En este orden de ideas, es evidente que no todos los países producto de la evolución geopolítica del Viejo Continente han tenido un mismo nivel de desarrollo, y uno encuentra en ese mismo suelo pueblos tan disímiles como los suecos y los rumanos, los británicos y los albaneses, los franceses y los ucranianos o los alemanes y los portugueses, por mencionar unos cuantos casos aleatorios, en los cuales son más que notorias las diferencias.
El desarrollo de los países socialmente avanzados se mide por el respeto a la vida.
Sin embargo, para medir el desarrollo de una sociedad, hay un índice fundamental que no necesariamente tiene que ver con el crecimiento industrial o el progreso científico, ni con el aumento anual del PIB, el poderío nuclear o el tamaño de su ejército, sino con algo mucho más sutil, pero también más importante: el respeto por la vida y la integridad de las personas. De hecho, en los países más avanzados la vida es sagrada, como diría el gran Antanas, y eso no se discute. El Estado, en primera instancia, protege la vida, y alrededor de esa premisa se definen todas las políticas públicas y se garantizan los demás derechos –como el acceso a la salud, a la educación, etcétera– con el fin de asegurar el bienestar de la población. No en vano, con excepción de Bielorrusia, que es el único país donde se sigue aplicando, la pena de muerte está erradicada de Europa; mientras en otras latitudes hay varias "potencias", países importantes y ricos, en los que la pena capital sigue vigente, como Arabia Saudita, China y Estados Unidos.
El caso de EE. UU. es muy útil para darnos cuenta de que el avance social en nuestro continente es más parejo de lo que parecía, pues se tendía a dar por descontado que ese país, y en cierta medida Canadá, eran de "mejor familia", mientras los demás –del Río Grande hacia abajo– pertenecían a una categoría inferior.

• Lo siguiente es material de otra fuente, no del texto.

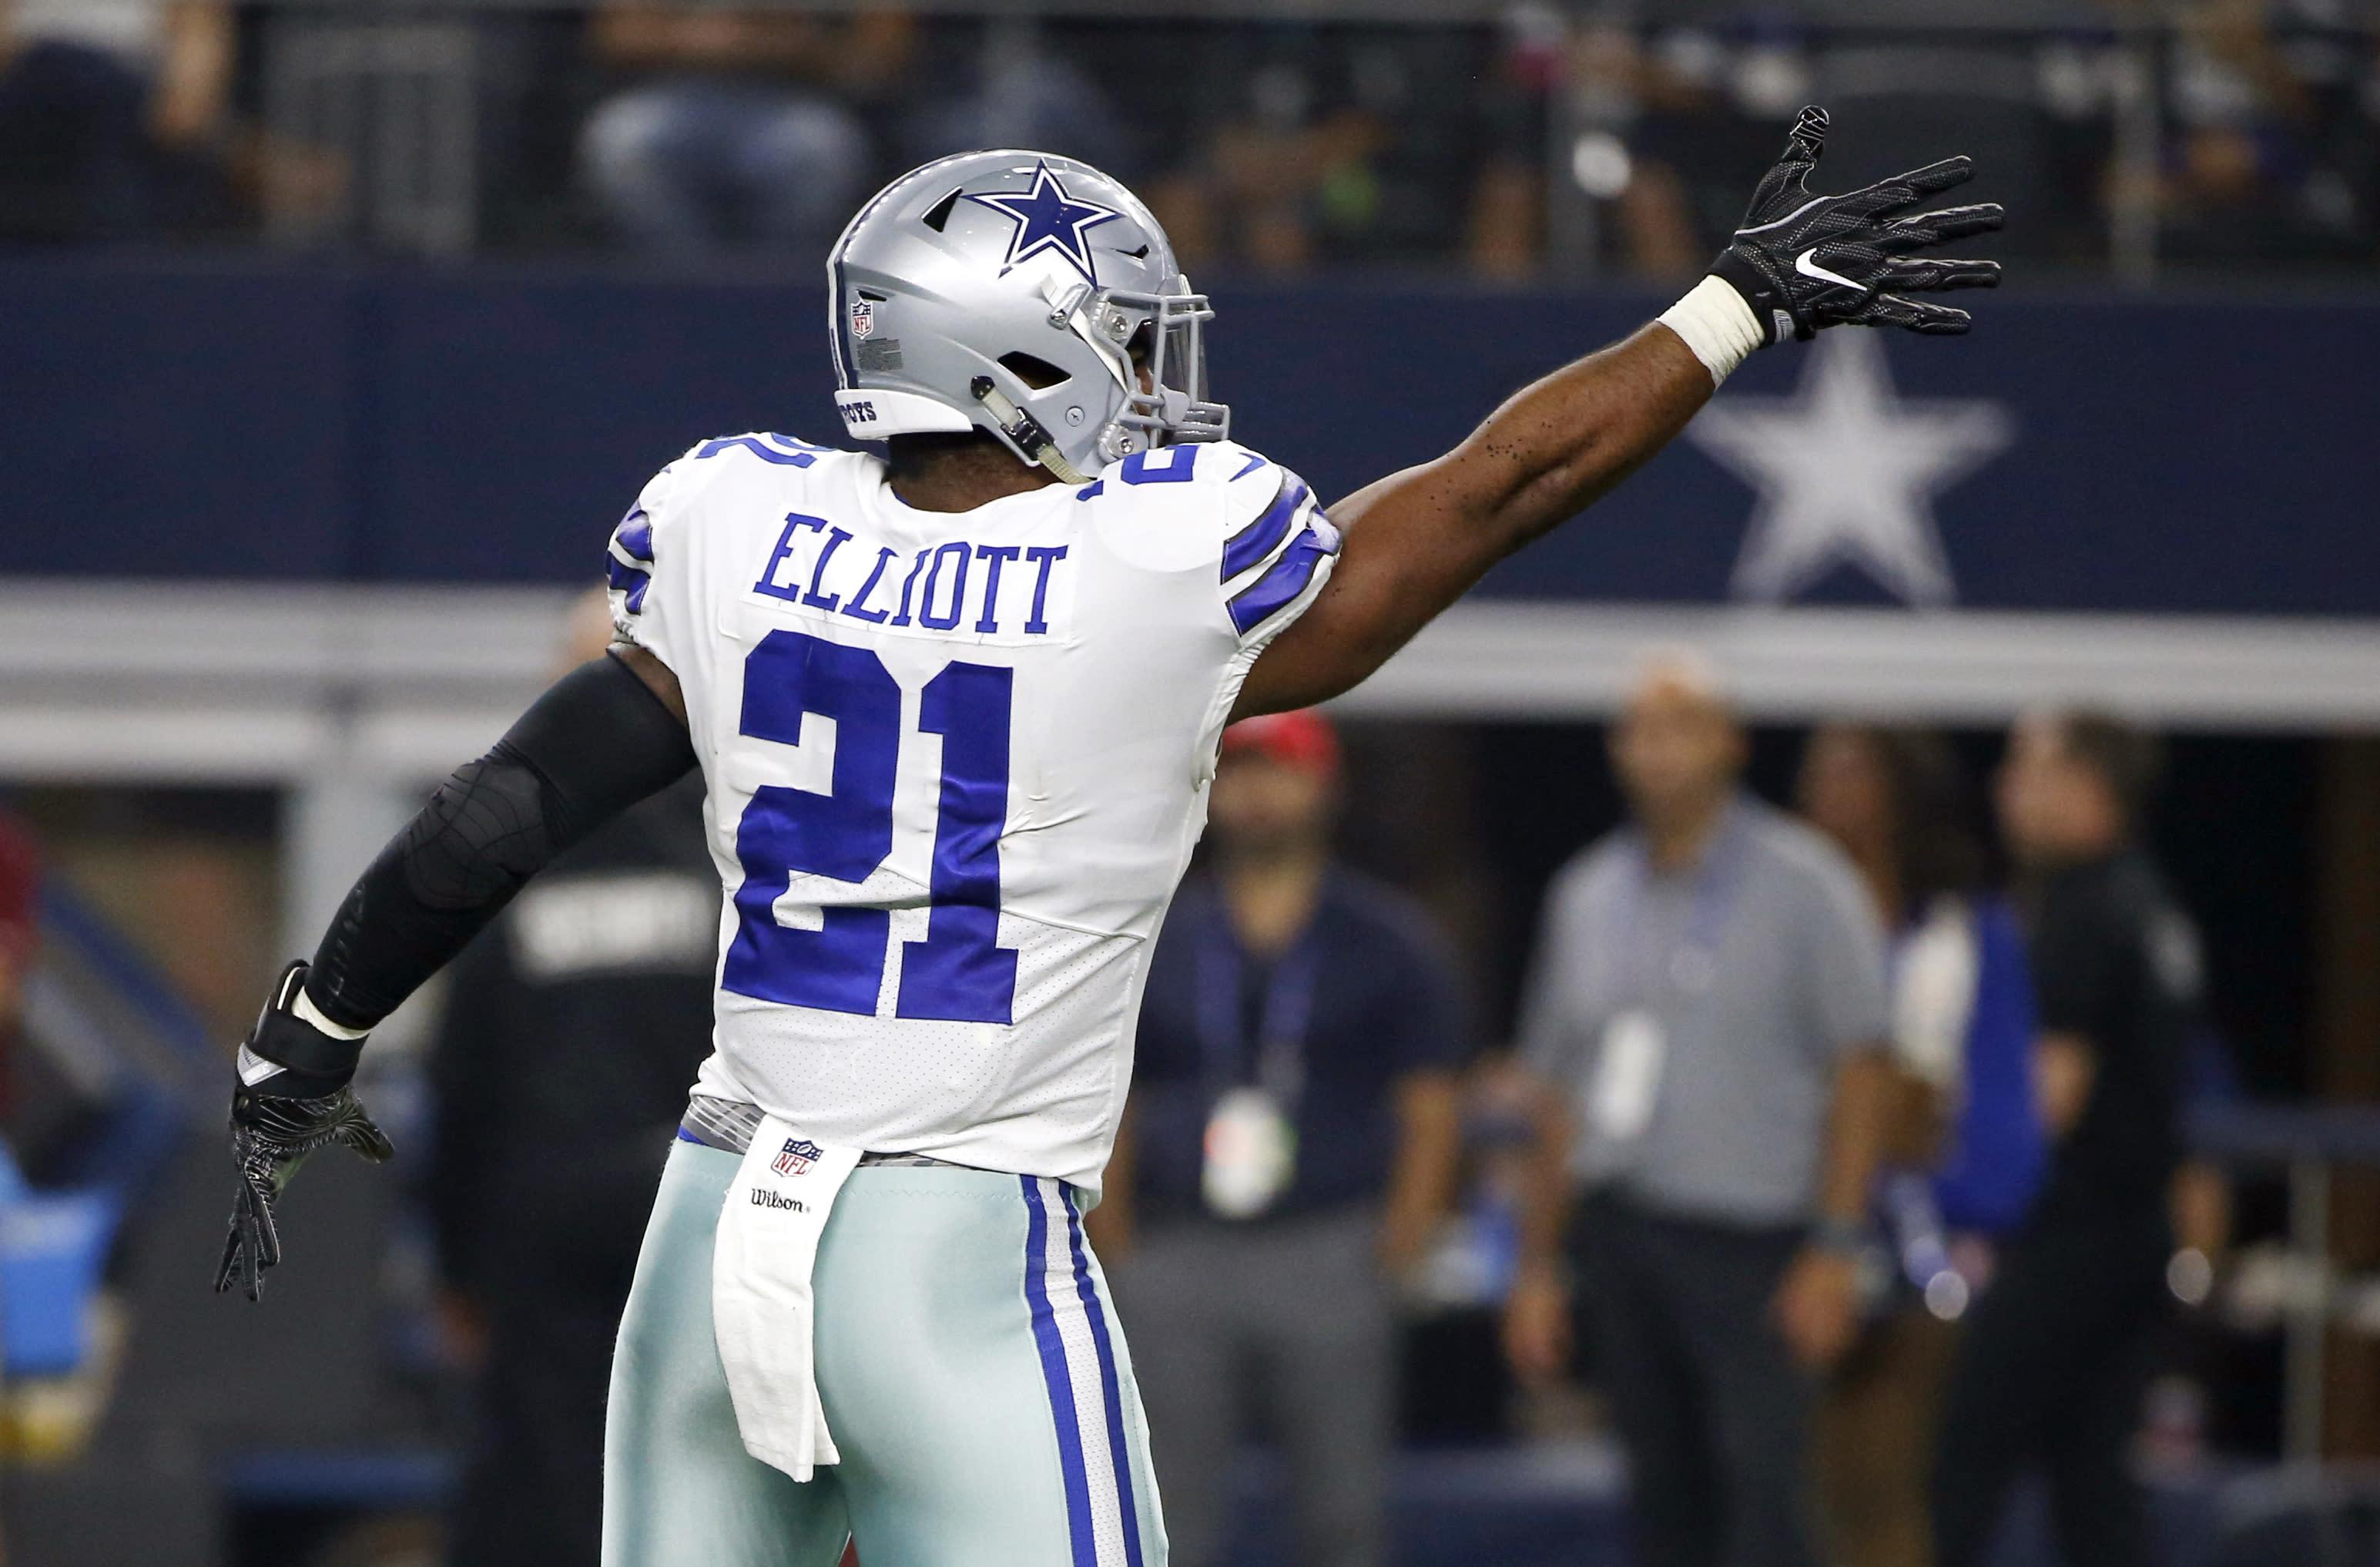 NFL did harm to accuser and accused in Ezekiel Elliott case

Y aunque es verdad que en EE. UU. se han producido grandes avances académicos, tecnológicos, industriales, militares y económicos, también es cierto que buena parte de la sociedad estadounidense es tan primaria como en cualquier país del trópico, cosa que no debería extrañar a nadie, si se tiene en cuenta que, al igual que EE. UU., se trata de naciones relativamente jóvenes, con algo más de dos siglos de soberanía, y todavía en proceso de desarrollo; situación que contrasta con la de Europa, cuyos países se han conformado, desintegrado y reconstruido a lo largo de varios milenios.
Esta circunstancia no solo ha sido identificada, sino muy bien aprovechada por Donald Trump, quien sigue gozando de gran popularidad, a pesar de su estilo chabacano, sus problemas legales, su escasa formación intelectual y sus discursos incendiarios. Su éxito es una prueba indiscutible de que en Estados Unidos –con todo y su etiqueta de "país desarrollado"– los electores pueden ser tan básicos como los latinoamericanos. Al fin y al cabo, la plata, lo que no arregla, lo disimula.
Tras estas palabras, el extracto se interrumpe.